You make me think of a Dan Fogelberg song:

"Living in a house of cards Praying the wind doesn't blow too hard

Giving in to differences

Straining to keep up appearances

Making believe the thread can be saved

You're aching to leave but deathly afraid of letting go The threads entangled you so

Why is love always the last to know."

L., find a safe, quiet place and sit down. Take a deep breath. Look away from these words for a moment. Then, when you're ready, look back.

I derive no pleasure saying what I'm about to say.

You say you are "beginning to feel like I am holding on for nothing." Shaping the issue that way misses the point, L. It is not that you might be holding on for nothing; rather, you are holding on to nothing.

You might want to look away from these words again, and give yourself a minute. Think of it like those few crucial, critical, stunning moments that follow after the little boy calls out from the crowd, "But ... he's naked. The Emperor has no clothes!"

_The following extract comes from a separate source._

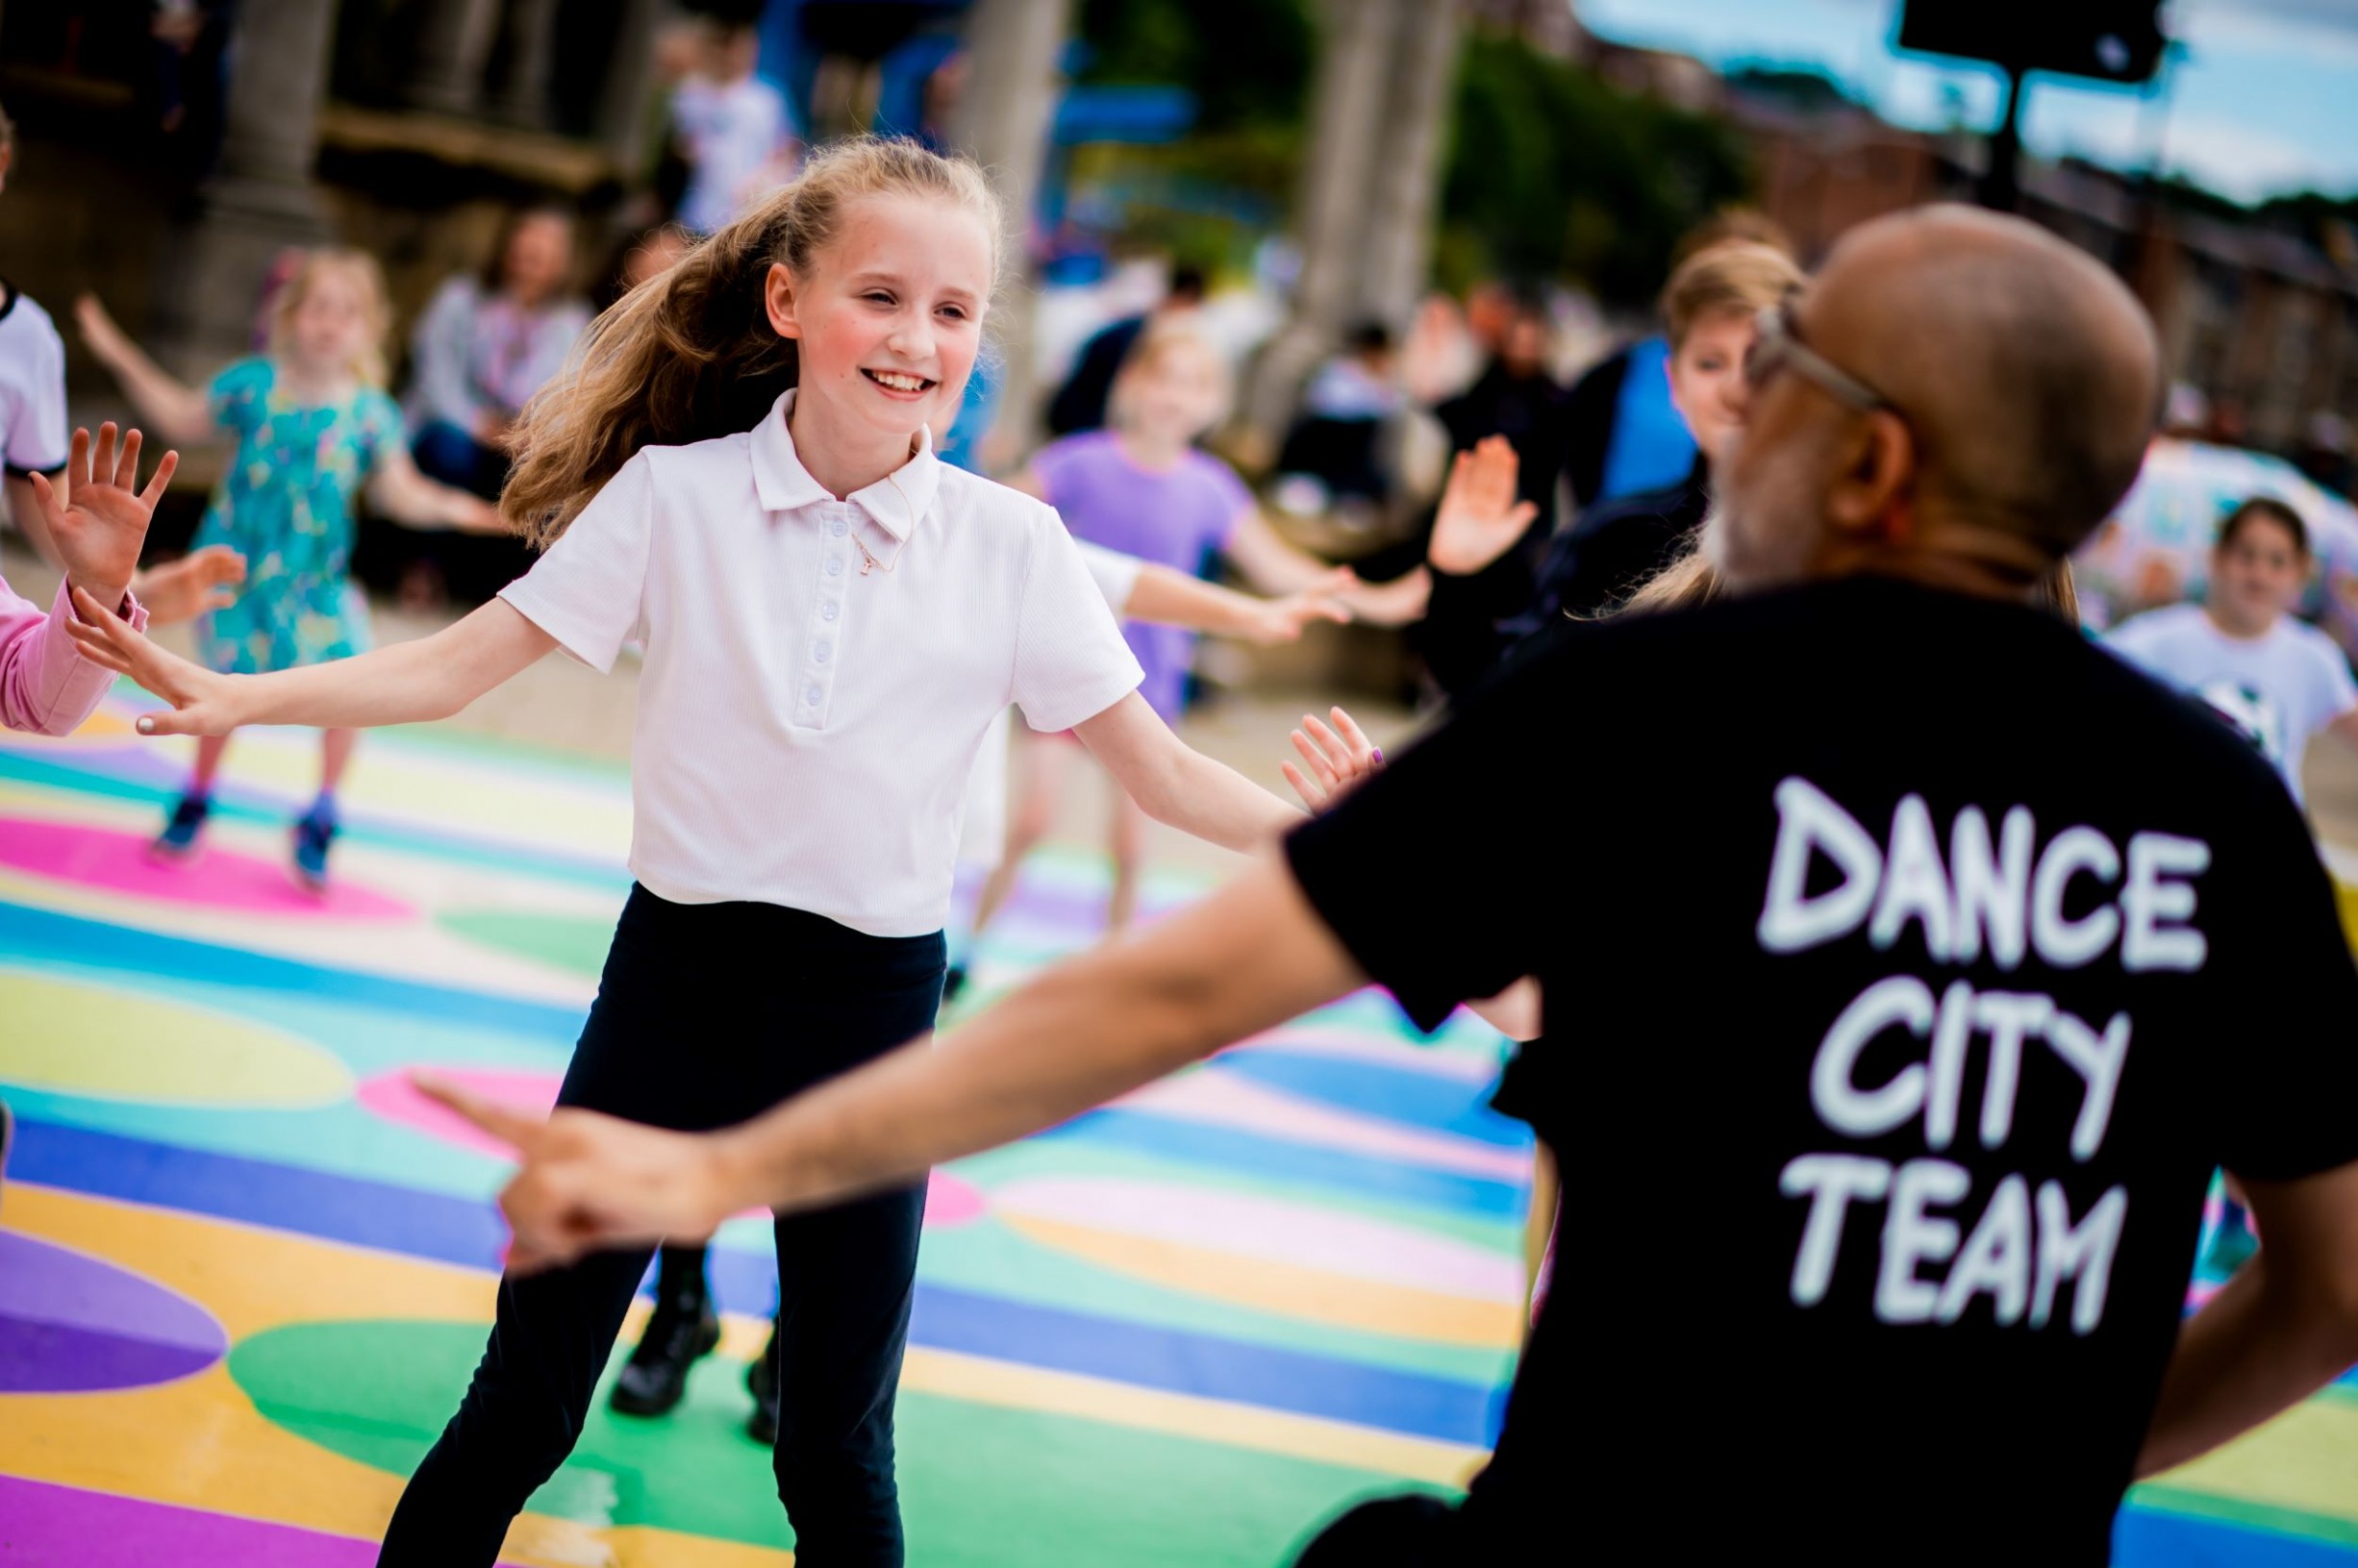 A dance class for kids hosted by Dance City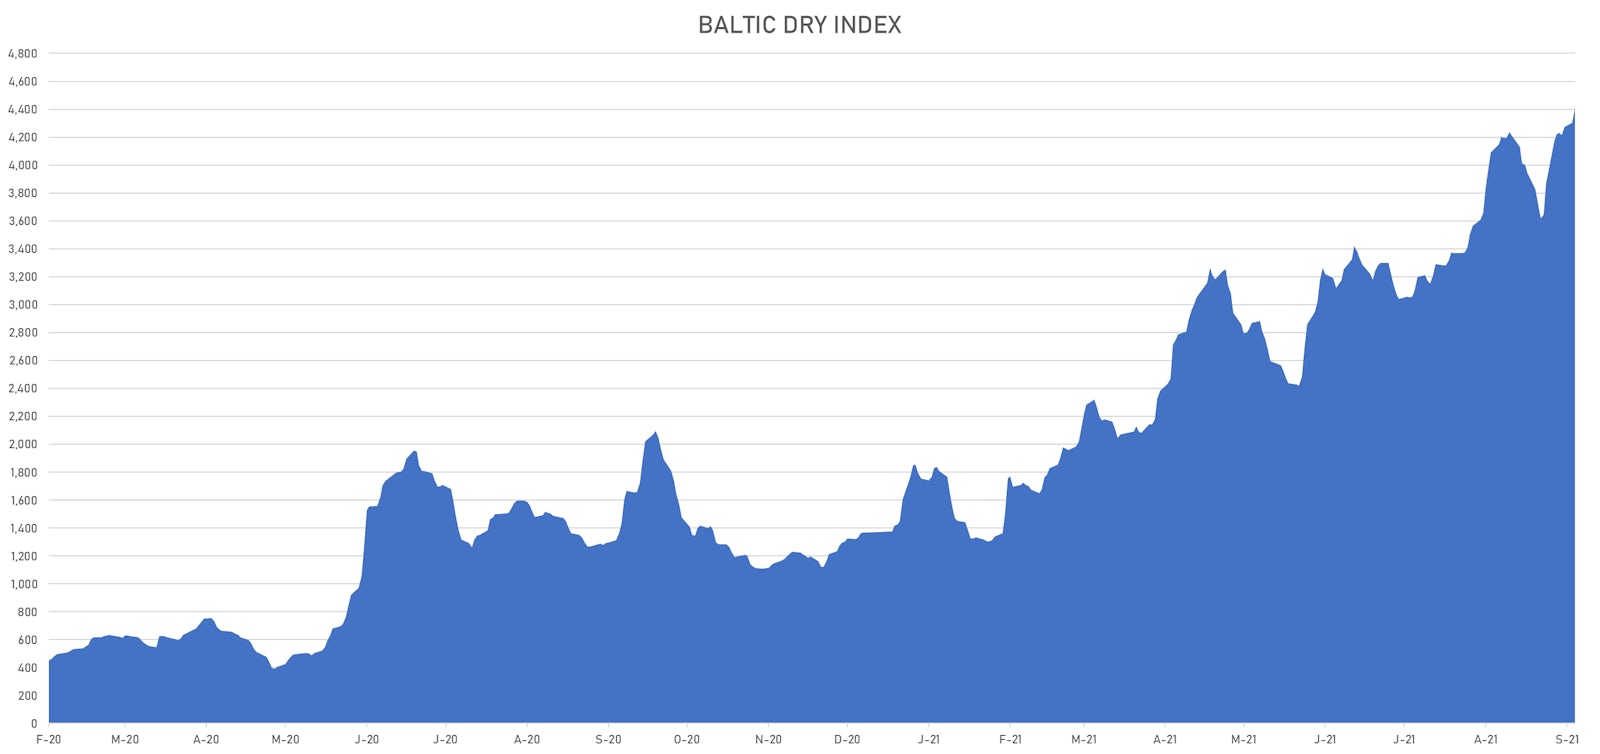 Baltic Dry Shipping Index Has More Than Tripled So Far This Year | Sources: ϕpost, Refinitiv data

As a matter of fact, the emperor is naked. He has no clothes. Because there are no clothes.

So, that begs another question. Why would anyone hold so tight for so long to nothing?

Actually, there are observable and understandable reasons. You're not stupid. You're not crazy. You're not pathetic. It is your husband's behavior that is crazy-making.

Your husband will neither choose you nor let you go. His behavior is inconstant and ambivalent. Remember those two words. Inconstancy and ambivalence are poison. Spiritual poison. For your soul. It will make you despair. Weep.

This slow-acting poison is what makes us say things like "(I'm separated from my husband) for many reasons, which include him having two affairs and him feeling I am too controlling because I do not like him to go out drinking with one of the girls he had an affair with ..." And to say it without irony. L., if a close girlfriend said that to you, you'd grab her by the collar and shake her.

You're holding on to nothing, probably, because you are still stunned. Incredulous. The very qualities of your love and your own values about marital vows begin to work against you here. You keep waiting for your husband to suddenly snap out of it, as if he just got into a bad batch of loco beans.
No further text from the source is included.